5 responses to “Will Post Colonialism Mar the Growth of Egypt’s Revolution?

  1. The 7th Earl of Shaftesbury who was Palmerston’s step-father was President of the Jewish society in London and a Christian Zionist who was a head of the evangelical community. In 1838 Palmerston appointed William Young as first British Consul to Jerusalem as ‘protector of the Jews’ there, because you couldn’t have a consulate under the Ottoman rules unless you were protecting a particular religious community, like the Russia Consul protected the orthodox etc…

  2. Royce Christian

    Isnt’ post-colonialism concerned with moving past the colonial period by resolving issues create by foreign oppressors, reconciling communities and people building for their selves systems that serve their interests?

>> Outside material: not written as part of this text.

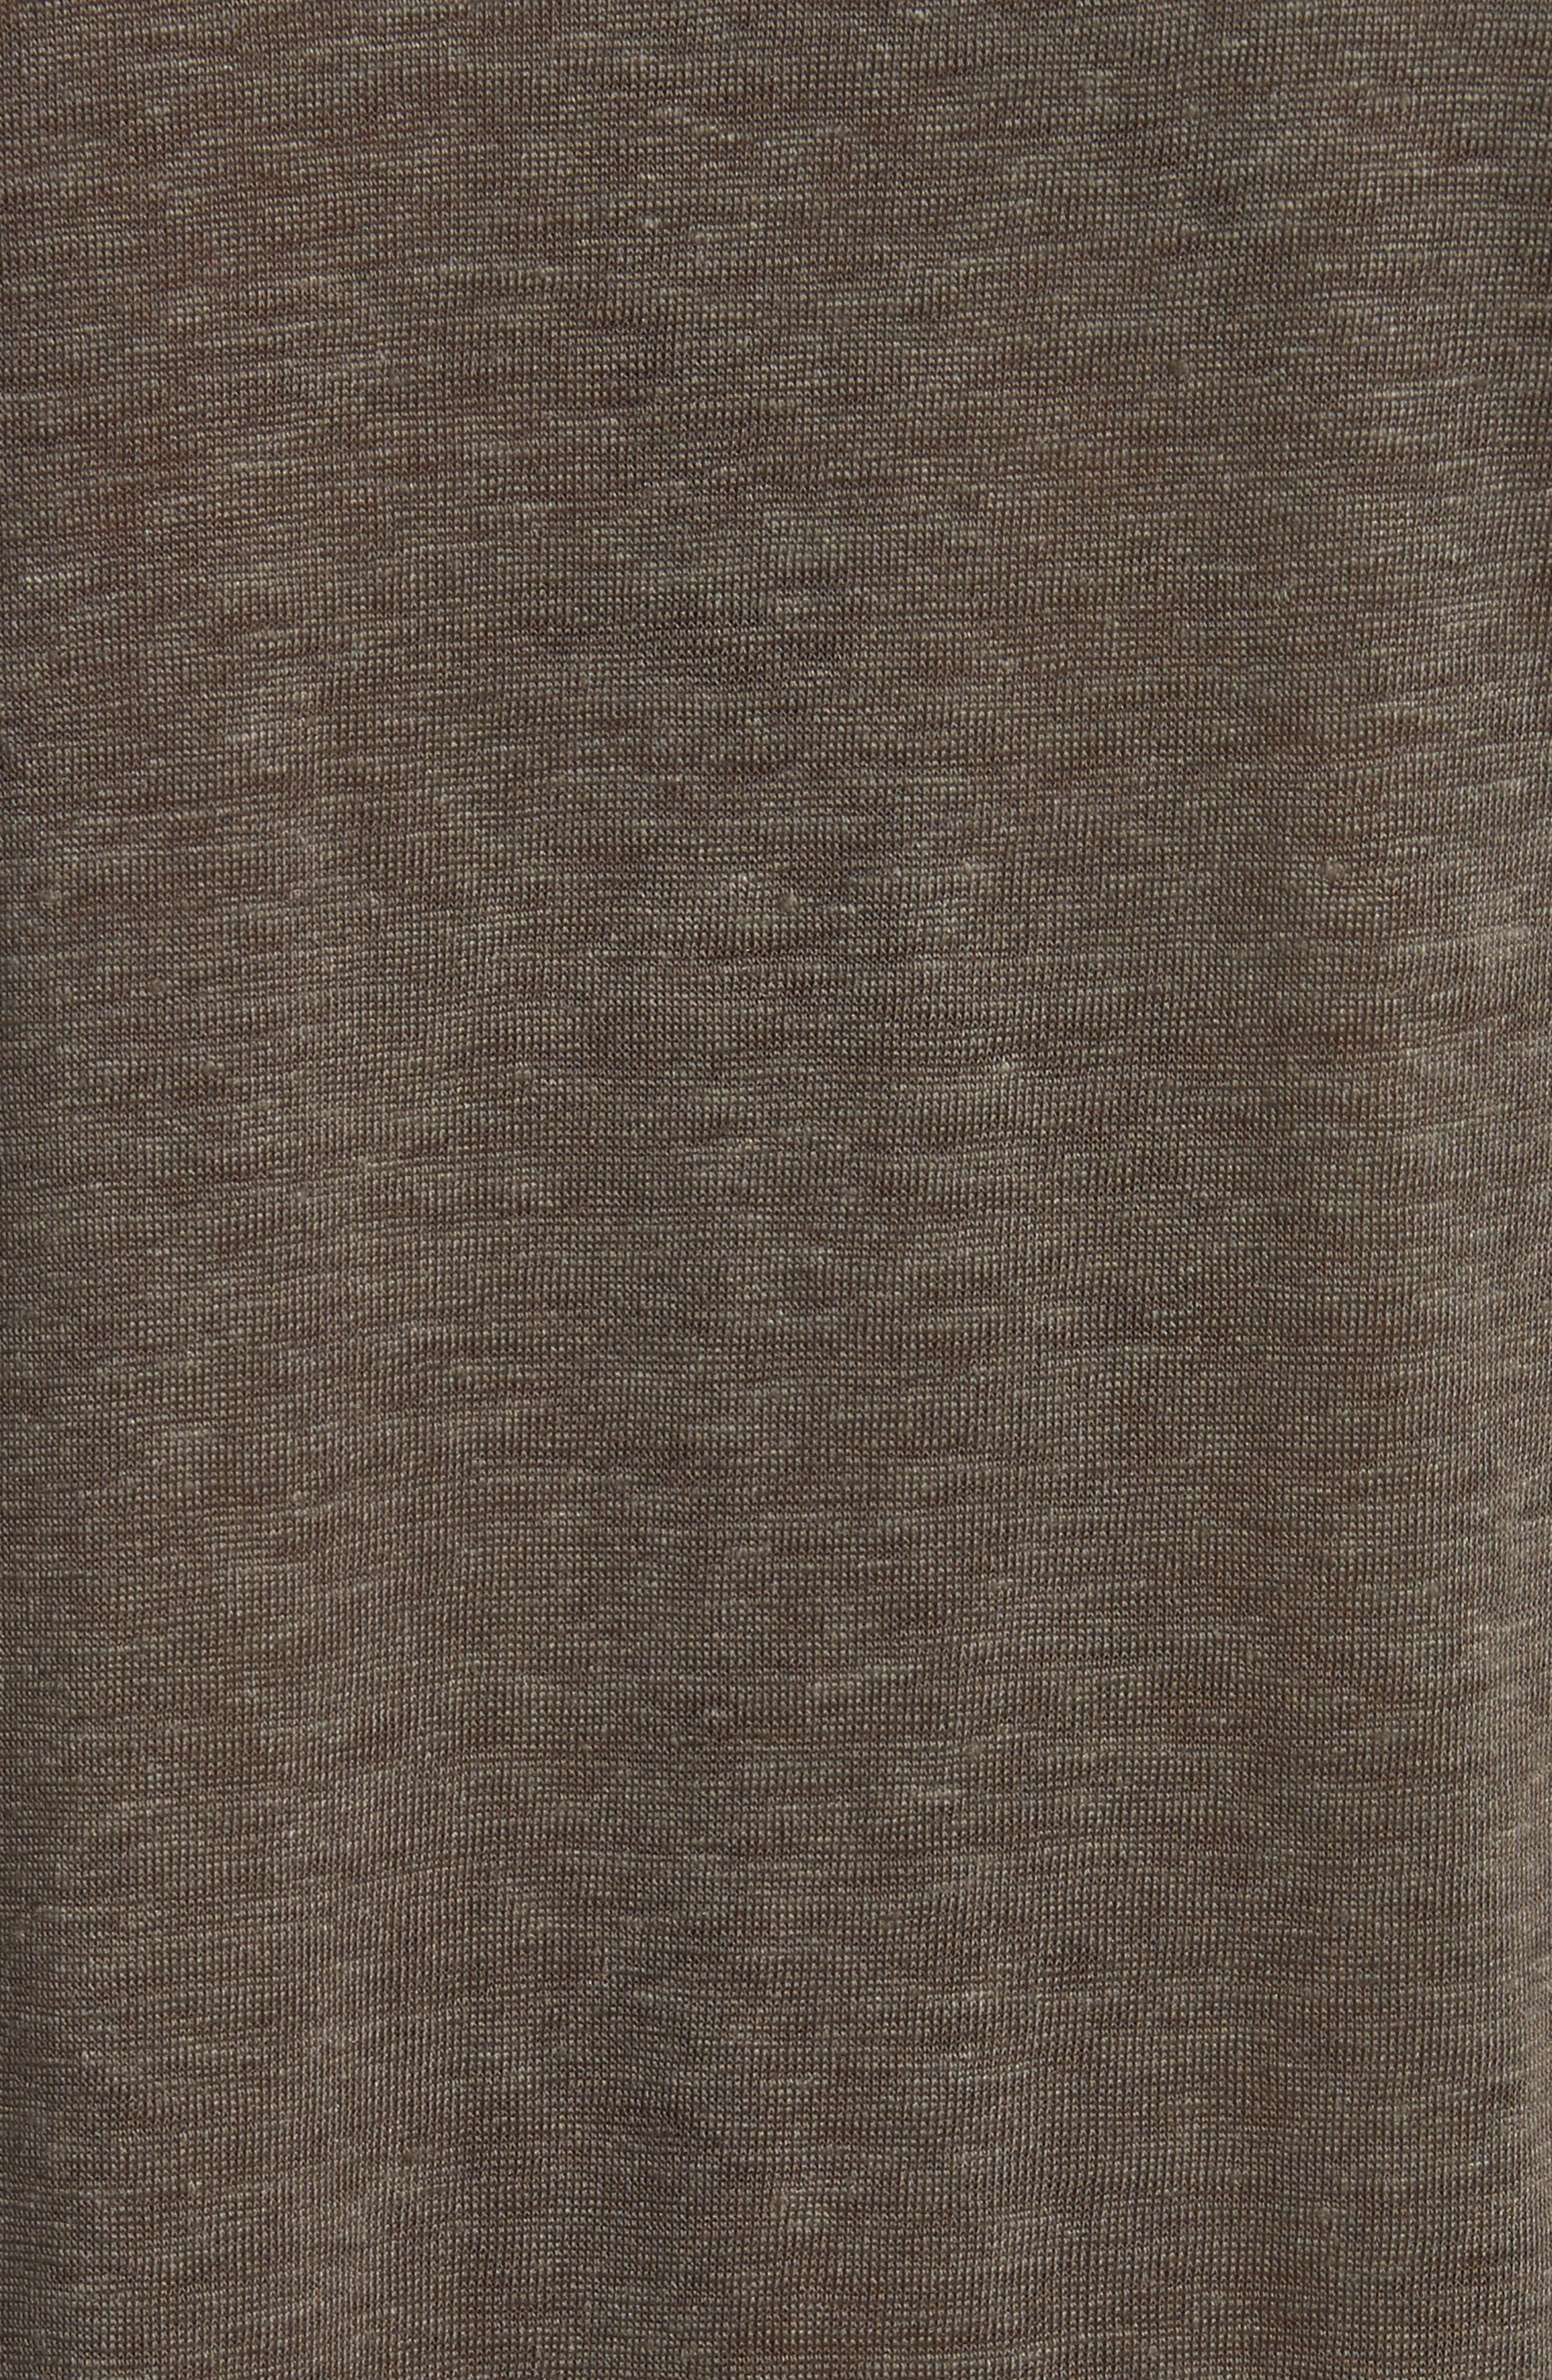 Linen Henley T-Shirt,                             Alternate thumbnail 5, color,                             336

    It seems to me the real significance of these revolutions is the re-establishing of an identity. The term “neo-colonialism” is thrown around a lot, but I find it quite apt for the status quo at the moment, as all these Western-back dictators and their regimes provide “stability”, which translates to access to resources and strategic military partnerships. It is no different from the old-style colonialism. Independence from colonial possessors was only the first step in the post-colonial process; populations still had to establish a system that works for them, serves their interests, and regain their identity and self-respect that has been robbed from them all these decades. This, to me, is the most inspiring thing about the revolutions.

    • Thank you for your comment Royce. You are absolutely right, and are saying – in your words – what I was explaining in my own words. Post colonialism, in the way I use it, is taken by reference from Edward Said’s definition, which underlines the problems you had stated. Physical independence didn’t actualize the people’s true disconnection from the West and its colonialism. Post colonialism in this definition is actually just the continuation of colonial presence through covert measures, typically by Western support of dictators who allow foreign powers to coerce their own nation. This in turn has created in my opinion an identity dilemma throughout the Middle East due to the reality that the masses were not birthed, if you like; they did not establish their autonomy, because the geopolitics of their states, and their strategic value to western powers, remained more important to Arab dictators than the self determination, development and evolution of the people themselves. Thats the true bane of existence of people suffering in the region, culminating in their need for revolution.

  3. Royce Christian

    Thank you for this. I’m relatively new to Post-Colonial theory and I still have a lot of reading to do.

    Have you read Fanon’s Wretched of the Earth? If you have, do you think this work provides a relevant insight into the revolutions we are seeing today?

    • You’re welcome, thank you as well. I read Wretched of the Earth in University, several years ago, and revisited it once since. I appreciate the work for its psychological investigation into colonialism’s destructiveness; it spoke to me personally and validated various phases of rage I experienced growing up in relation to foreign intervention in local affairs. I do think its valuable when studying colonialism, but that it may be outdated in only some aspects when attempting to understand contemporary alternatives and solutions to present day revolutions against colonialism – specifically when taking in the affects of globalization on postcolonialism. It definitely provides relevant insight into today’s struggle if one wants to appreciate where the anger emerges from. I’d start by looking into Tim Mitchell, Edward Said, Noam Chomsky, and Ilan Pape for an introduction to postcolonial theories and approaches, and Spike Peterson and Cynthia Enloe for feminist/gender studies approaches to postcolonial theory.